L'adoption n'est pas une question de connexions : les 5 métriques qui prédisent vraiment le renouvellement

L'adoption n'est pas une question de connexions : les 5 métriques qui prédisent vraiment le renouvellement

La métrique que la plupart des vendors suivent est celle qui compte le moins

La métrique d'adoption la plus courante en B2B, c'est le nombre de connexions. C'est facile à mesurer, ça fait bien dans les dashboards, et c'est quasi inutile pour prédire le renouvellement.
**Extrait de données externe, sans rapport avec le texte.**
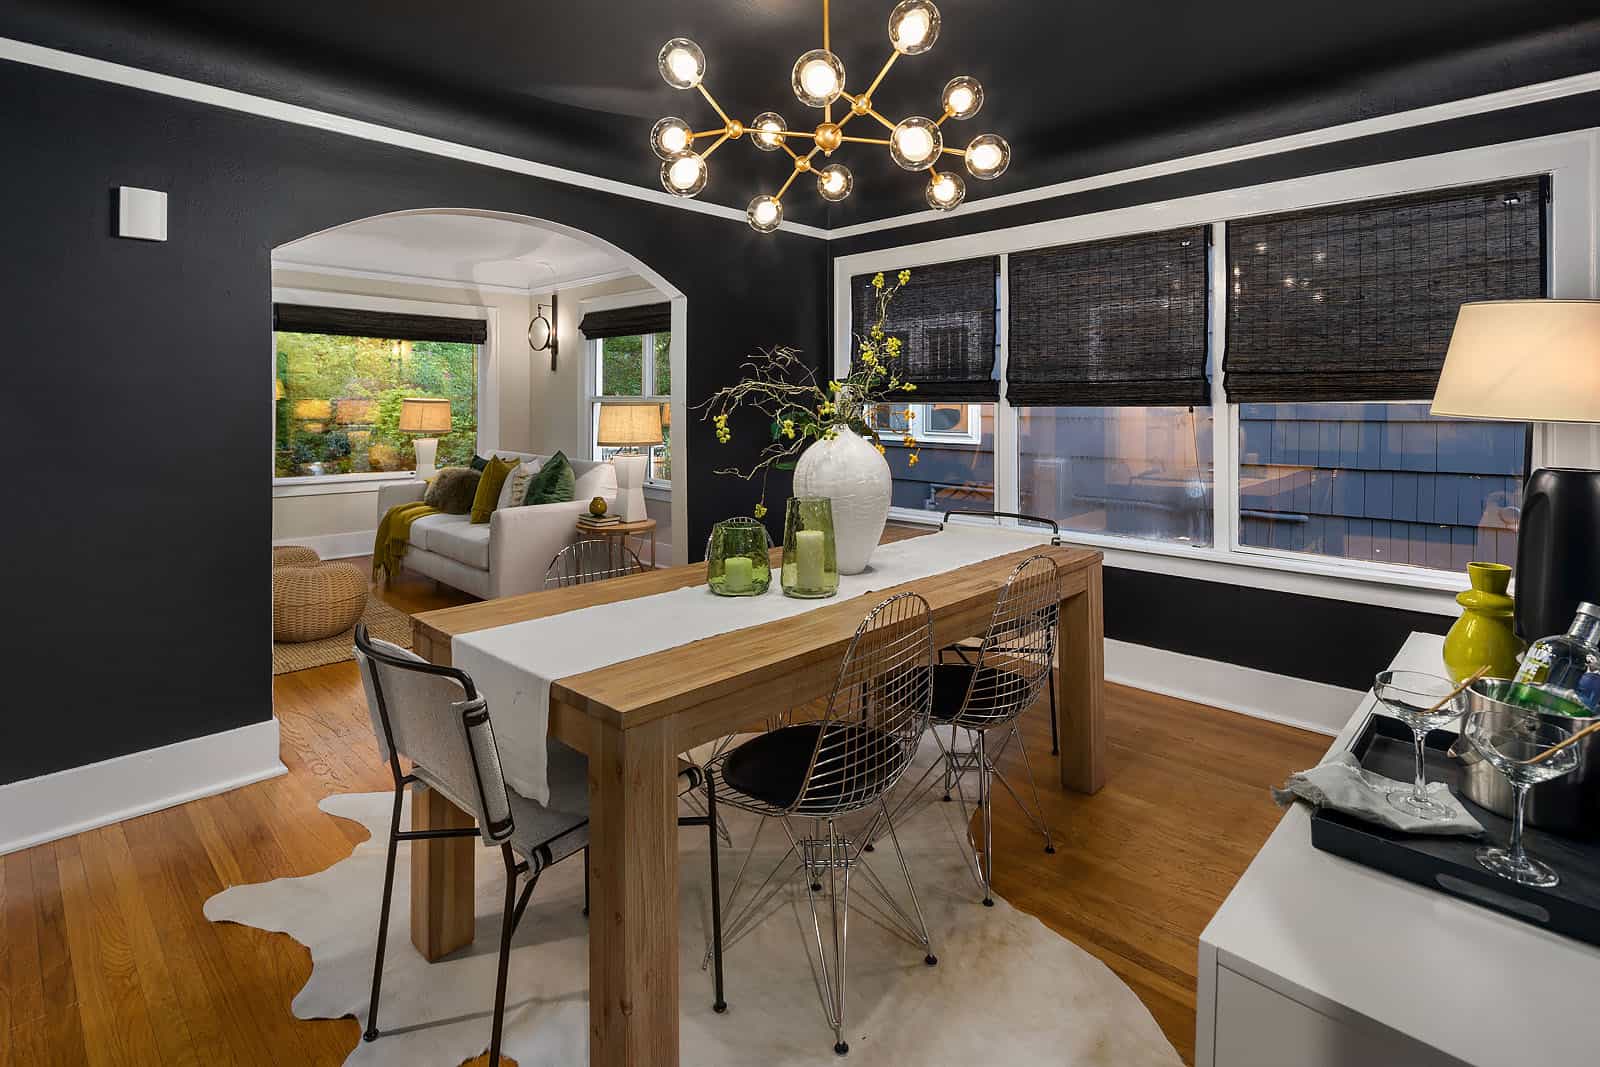 staged craftsman home with black walls in an eclectic style

Un utilisateur qui se connecte une fois par mois pour consulter un rapport n'est pas en train d'adopter le produit. Un utilisateur qui ne se connecte jamais mais qui consomme l'output du produit par email est en train d'adopter le produit. Un utilisateur qui se connecte tous les jours pour exécuter une tâche répétitive est peut-être en train d'adopter le produit, ou est peut-être enfermé dans un workflow qui sera la première chose qu'il automatisera dès qu'il en aura l'occasion. Les connexions ne disent pas lequel.
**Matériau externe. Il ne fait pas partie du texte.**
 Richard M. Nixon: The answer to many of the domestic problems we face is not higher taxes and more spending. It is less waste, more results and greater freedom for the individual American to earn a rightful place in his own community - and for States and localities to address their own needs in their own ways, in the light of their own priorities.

Le livre identifie cinq métriques d'adoption qui prédisent vraiment le renouvellement. Elles ne sont pas difficiles à mesurer. Elles sont difficiles à regarder, parce qu'elles forcent le vendor à affronter l'écart entre l'expérience du client et le narratif du vendor.

Les cinq métriques

La première métrique, c'est le pourcentage d'utilisateurs actifs parmi les utilisateurs provisionnés. Les utilisateurs provisionnés sont les personnes qui ont accès. Les utilisateurs actifs sont les personnes qui ont effectué un workflow principal dans les 30 derniers jours. L'écart entre les deux, c'est l'écart entre l'intention du client et la réalité du client. Si seulement 20 % des utilisateurs provisionnés sont actifs, le renouvellement est à risque, peu importe ce que le chef de projet dit de la satisfaction.

La deuxième métrique, c'est la fréquence de complétion du workflow principal. Pas les connexions. La complétion du workflow principal. Un workflow principal, c'est ce pour quoi le client a acheté le produit. Pour un outil d'emailing, ce sont les emails envoyés. Pour un outil d'analytics, ce sont les rapports générés. Pour un CRM, ce sont les affaires qui avancent dans le pipeline. La fréquence se mesure en complétions par utilisateur actif par semaine.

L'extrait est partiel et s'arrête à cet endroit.